The current advances in sensor technology, remote sensing and computer techniques have led to the production of large volumes of spatial data. Sensors are now smaller, cheaper and even smart (Melesse et al., 2007). Increasingly more geo-referenced sensors are deployed for many applications, such as environmental monitoring, precision agriculture, positioning, etc. Remote sensing and spatiotemporal simulation also produce large geo-referenced datasets. The generation of spatiotemporal data at a large scale and in a high-resolution leads to the development of new techniques to manage the volumes of produced data (Prasad et al., 2015). Many of these data take the form of raster sets. A raster is a geo-referenced 2-dimensional array in which each cell is associated with a value. The cells of a raster can be represented by pixels where the colors correspond to different values of a measure, such as temperature, vegetation density, CO2 measurements, etc. (Kang et al., 2015). Data availability and data storage are often no longer barriers, whereas the real bottleneck is, in many cases, the analysis of these spatial data that continue to grow dramatically (Barbian and Assunção, 2017). Map algebra is one of the usual raster analysis techniques.

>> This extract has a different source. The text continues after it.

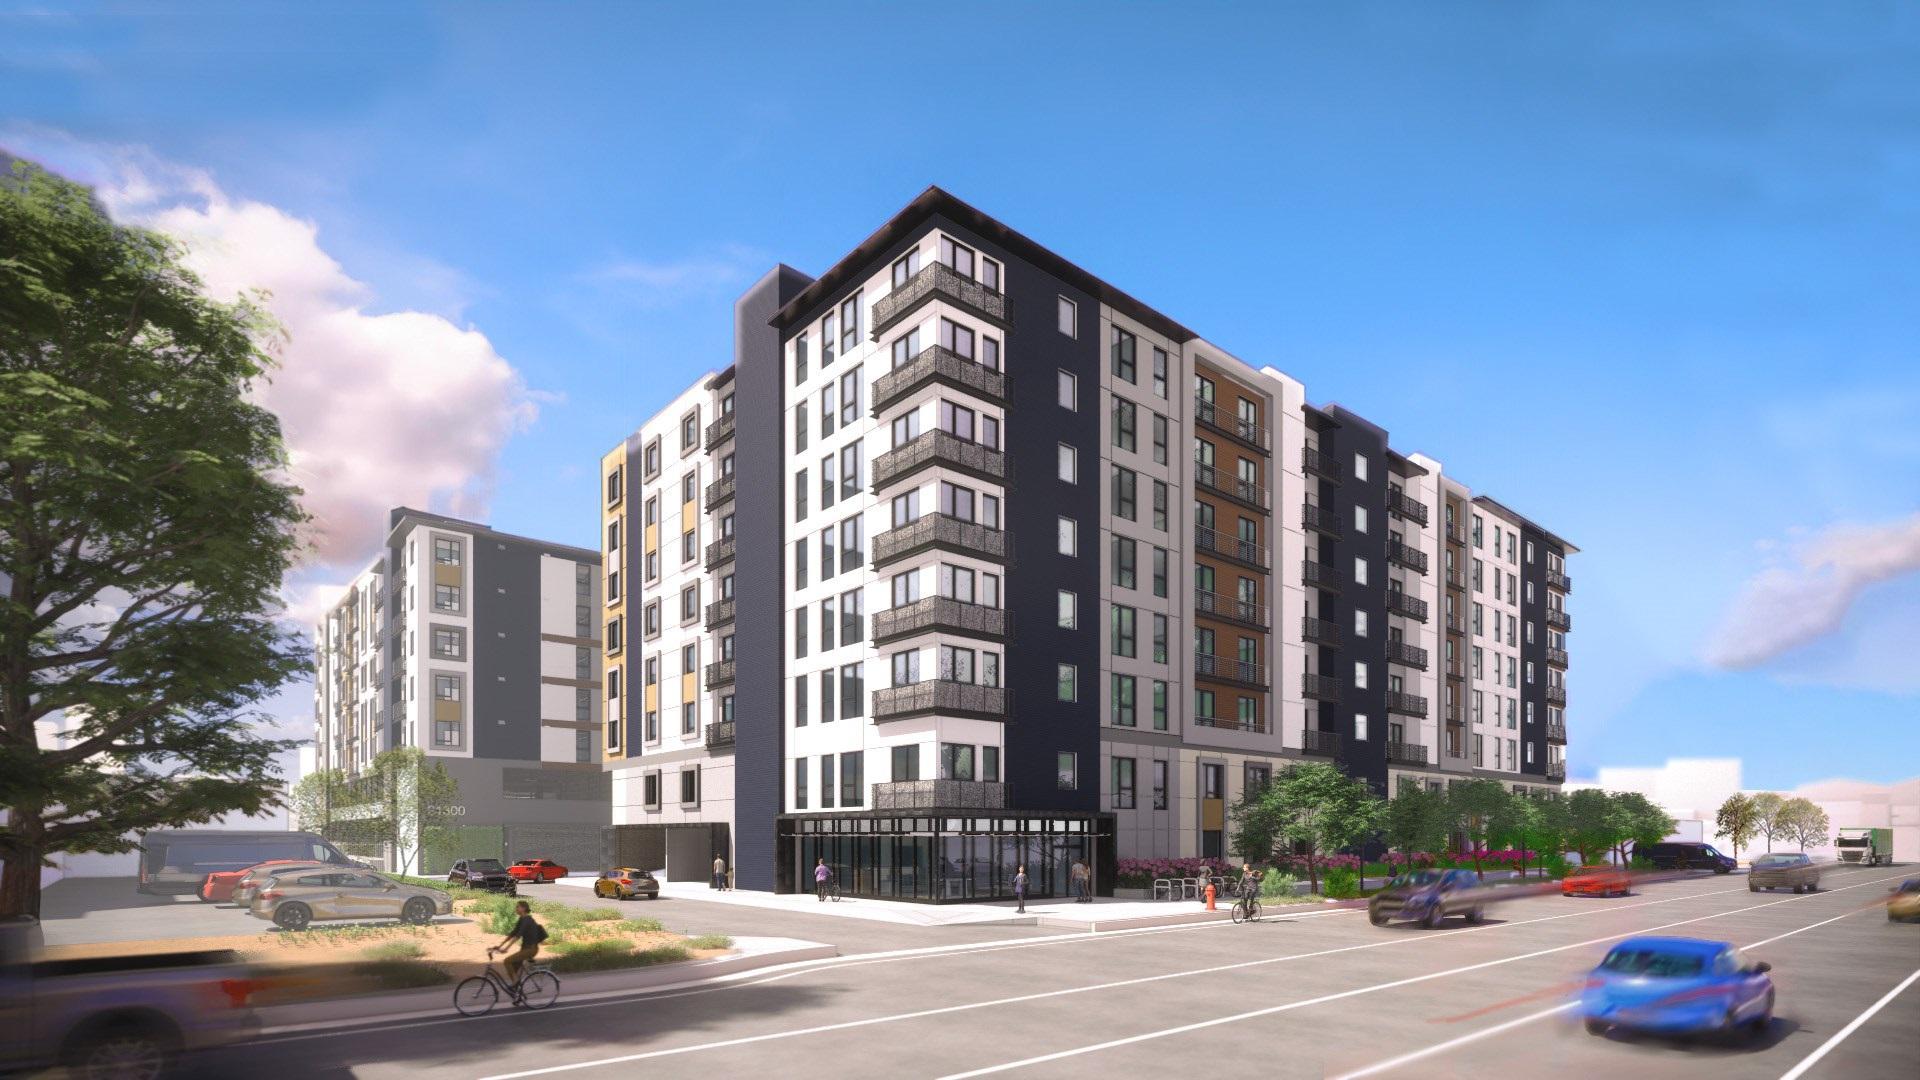 Here's the big affordable housing complex pitched for 21300 W

It is a set of conventions, capabilities and techniques to process rasters (Pullar, 2001). Map algebra allows for the defining of how a set of rasters can be aggregated, and thus, it proposes different types of functions that usually have one or several rasters as inputs and that returns one raster or one indicator as a result (Tomlin, 1994). This technique can be used to produce a summary of a set of rasters. For example, the author of (Kang et al., 2015) shows a method to aggregate a set of rasters representing geo-referenced air quality values over time in order to produce a single raster summarizing the air quality for a determined period of time. In (Kang et al., 2015), using a data warehouse, users can access a raster summary instead of browsing all the rasters. There is one raster for every 15-minute time period and for one pollutant. Every raster in the data set is associated to the same spatial region. As shown below, users visualize raster summary aggregated according to different dimension (time, pollutant family, etc.).

Table 1.
Visualize raster summary according to different dimension

When the size of the raster and the set of raster data are small, the map algebra operation executions are fast since the functions of map algebra are usually based on simple arithmetic operations (addition, subtraction, minimum, maximum, average, etc.). However, when a large raster dataset is used, it is important to optimize the raster computation to obtain a reasonable execution time. As raster processing is often highly parallelizable, one method to improve the performance is to use a Graphics Processing Unit (GPU).